A task variable is required which holds the key value for the row currently being processed — Typically, this is the primary key for the actual data row that becomes the EVENT_ID
value in the QUEUE table.
The first step inserts an unprocessed row into the QUEUE table using the INSERT_EVENT
stored procedure:
The second step updates the TASK_STATUS
field in the QUEUE table to mark it as processed. This step uses the UPDATE_EVENT
stored procedure:
Call Task
The Call Task step is used to run the same task again. A few things to note when setting up the Call Task step:
- When setting up the global configuration:
- Create a username and password specifically for the step to use when running the task — It is recommended you don’t use the same username and password that is used to log into the BPA Platform client as this could lock up the task run
- When setting up the step configuration:
- Data sources and object mapping are not required
- Choose the chunked task as the Object and Queue as the Operation in the Mapping tab
Decision
The Decision step is used to check the number of rows processed. The task should only continue where RowCount > 0
(that is, there are rows to process). This prevents the task from going into an endless loop.
RowCount
property for the task step that generates the initial rows into the Decision step’s Branch Editor:Example Implementation
Let’s take as an example, a BPA Platform task which monitors a sales order system.
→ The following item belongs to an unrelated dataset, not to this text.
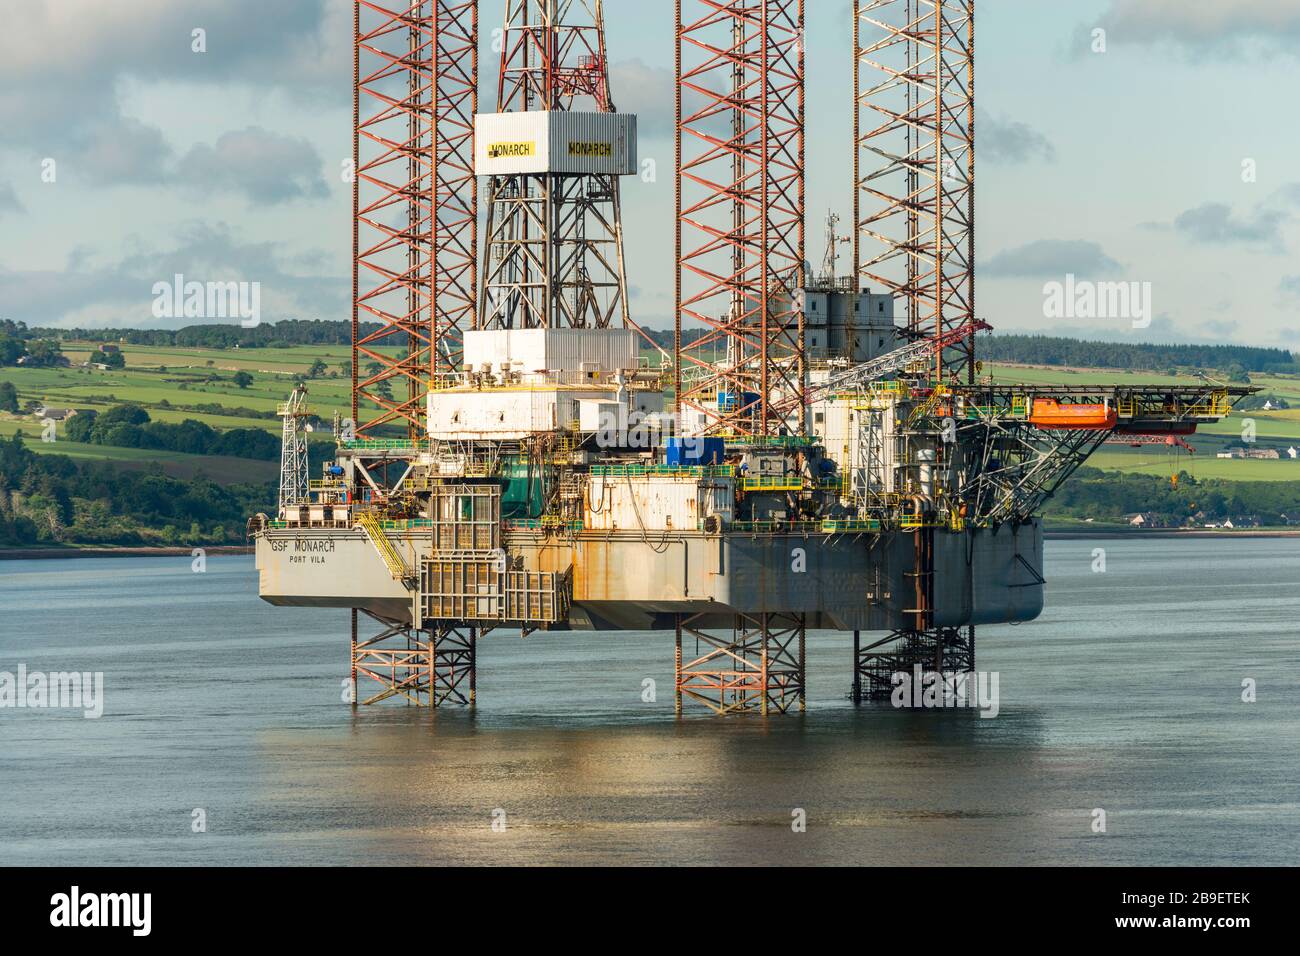 GSF Monarch (1986) is an offshore oil drilling platform, laid up in the Cromarty Firth, Scotland, UK, 2016. Stock Photo

It obtains a list of all new orders for the day and emails out each order as a PDF report:
- A Database Query (ODBC or OLEDB) task step produces 1000 rows
- A Crystal report is required for each row returned
- Each task run processes 50 rows each time until all 1000 rows have their report generated
Task Design Before Implementing Task Chunking
The following shows the task design before the chunking has been applied:
The task performs the following actions:
- Database Query — Returns a recordset
- Run Crystal Report — Generates a PDF report from the recordset data; one report for each row
- Send Email (SMTP) — Sends an email containing a report
Task Design After Implementing Task Chunking
The following shows the task design after the chunking has been applied:
where:
Database Query Step
Returns a recordset that produces a restricted amount of rows. The SQL in the query step has been amended to JOIN
the Orders table to the new QUEUE table with a WHERE
clause of TASK_STATUS = 0
, ensuring that it only picks up the unprocessed transactions:
SELECT TOP 50 OrderID OrderDate CustomerName FROM [DB_Name].dbo.SalesOrders INNER JOIN [DB_Name].dbo.QUEUE ON [DB_Name].dbo.SalesOrders.OrderID = [DB_Name].dbo.QUEUE.EVENT_ID WHERE [DB_Name].dbo.QUEUE.TASK_STATUS = 0
Replace [DB_Name] with the parent database name.
Loop Control Step
This is a Decision step that checks the RowCount
property of the Database Query step.
INSERT_EVENT Step
This is a Call Stored Procedure (OLEDB) step that inserts an unprocessed row into the QUEUE table using the INSERT_EVENT
stored procedure created in step 2.
Run Crystal Report Step
Using the Run Crystal Report tool, this step generates PDF reports from the recordset data — one for each row.
Send Email Step
Using the Send Email (SMTP) tool, this step then sends an email with the PDF report attached.
UPDATE_EVENT Step
Another Call Stored Procedure (OLEDB) step updates the TASK_STATUS
field in the QUEUE table to mark it as processed. This step uses the UPDATE_EVENT
stored procedure created in step 2.
Call Task Step
The Call Task step loops the task back on itself to retrieve and process the next 50 records.